-- What you are asked to do --
Please copy only the material from the line that has "Shuttle II, the" to the very last line, both ends included, exactly as written and without pictures.

-- Supplied information --
+++++

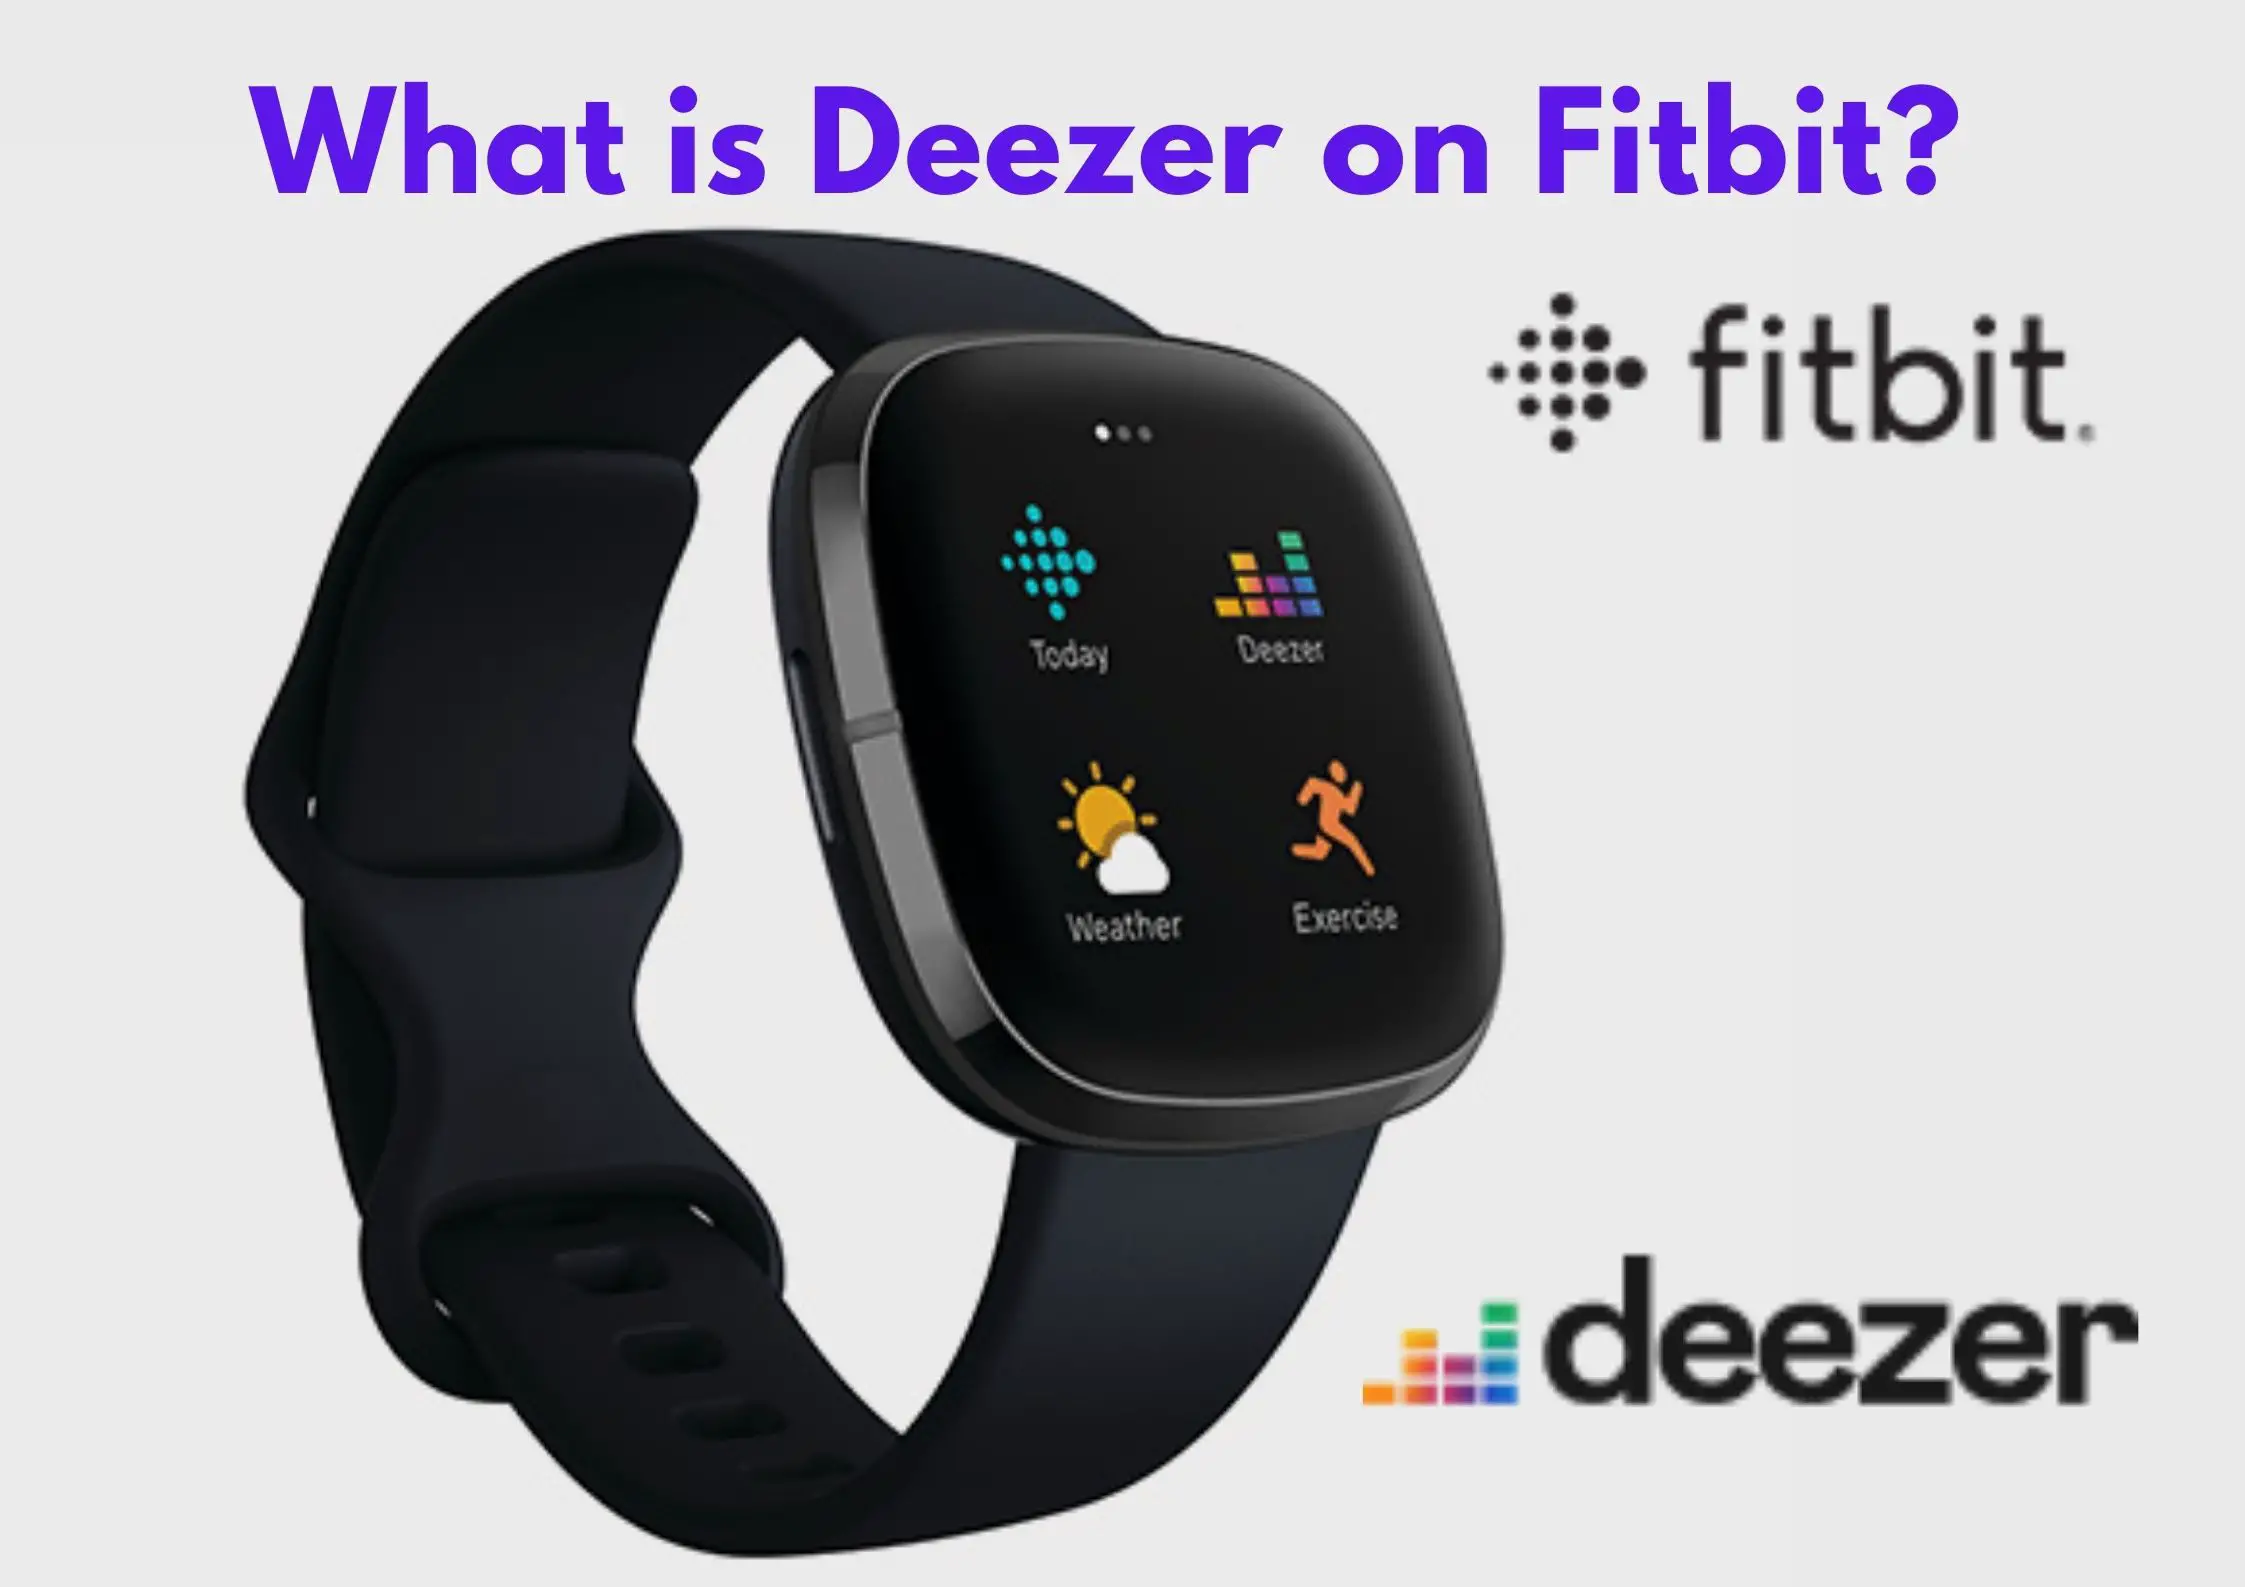 Deezer on Fitbit. Is this the Best Fitbit Music App?
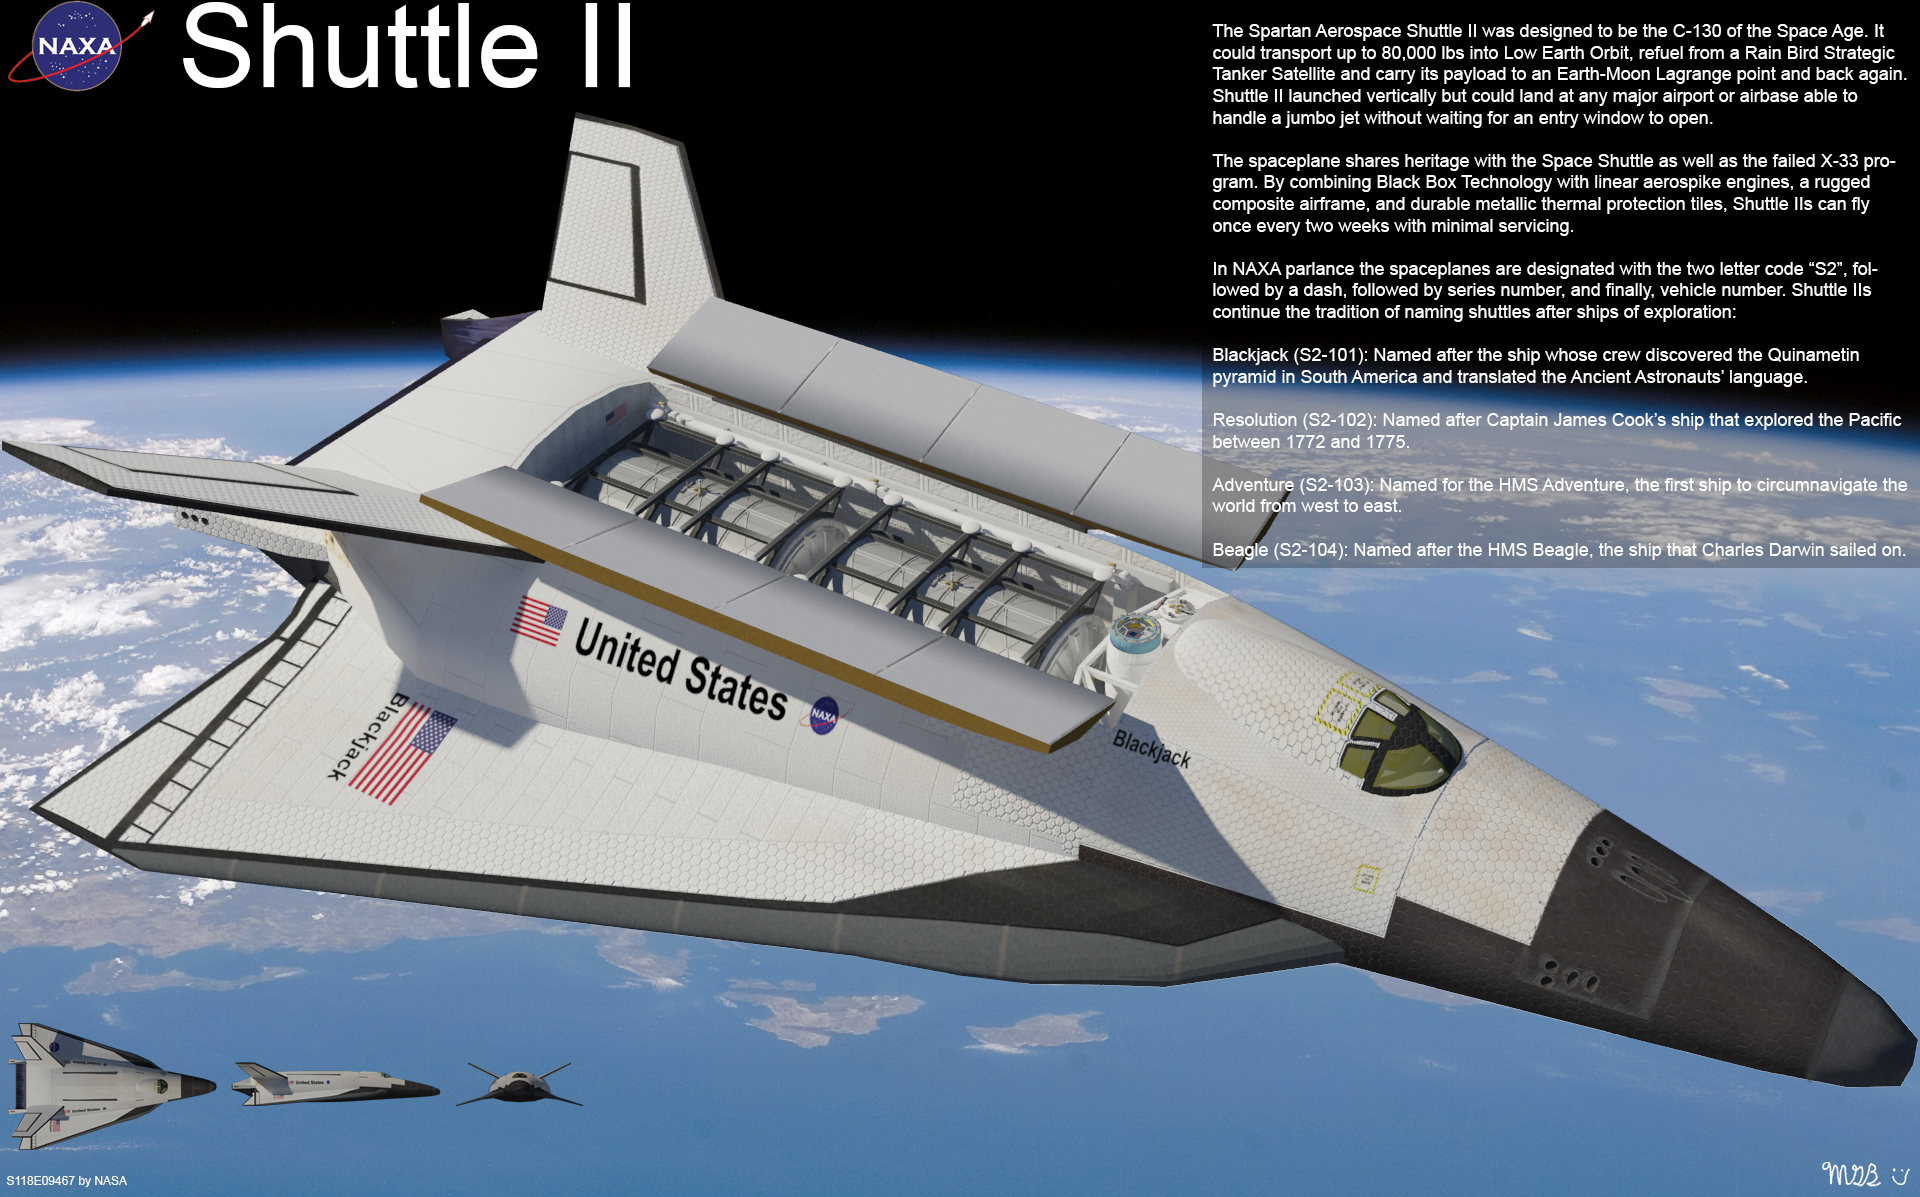 Shuttle II, the successor to the Space Transportation System
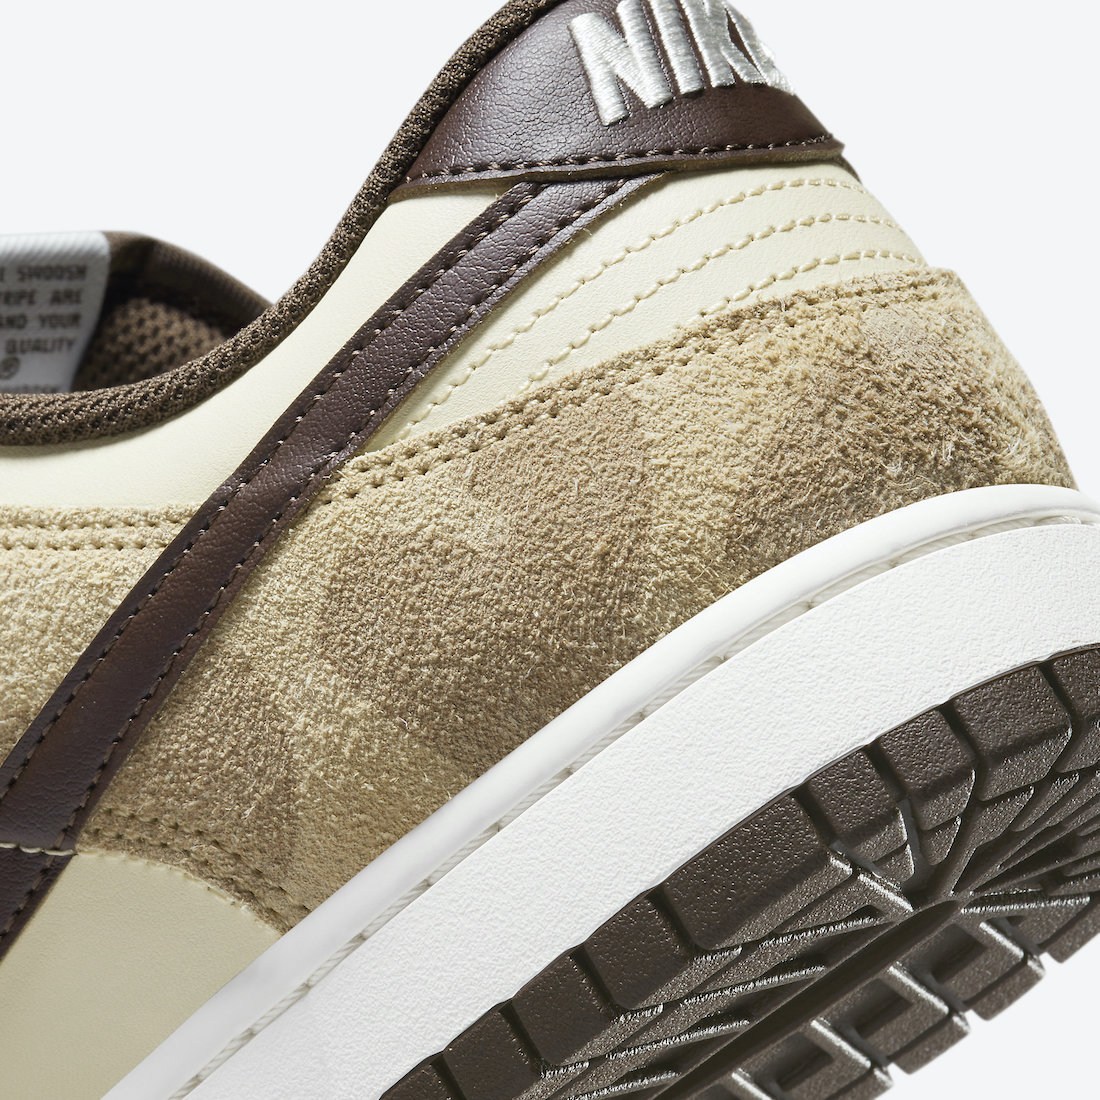 Nike-Dunk-Low-Animal-DH7913-200-Release-Date-7

+++++

-- Task solution --
 Shuttle II, the successor to the Space Transportation System
 Nike-Dunk-Low-Animal-DH7913-200-Release-Date-7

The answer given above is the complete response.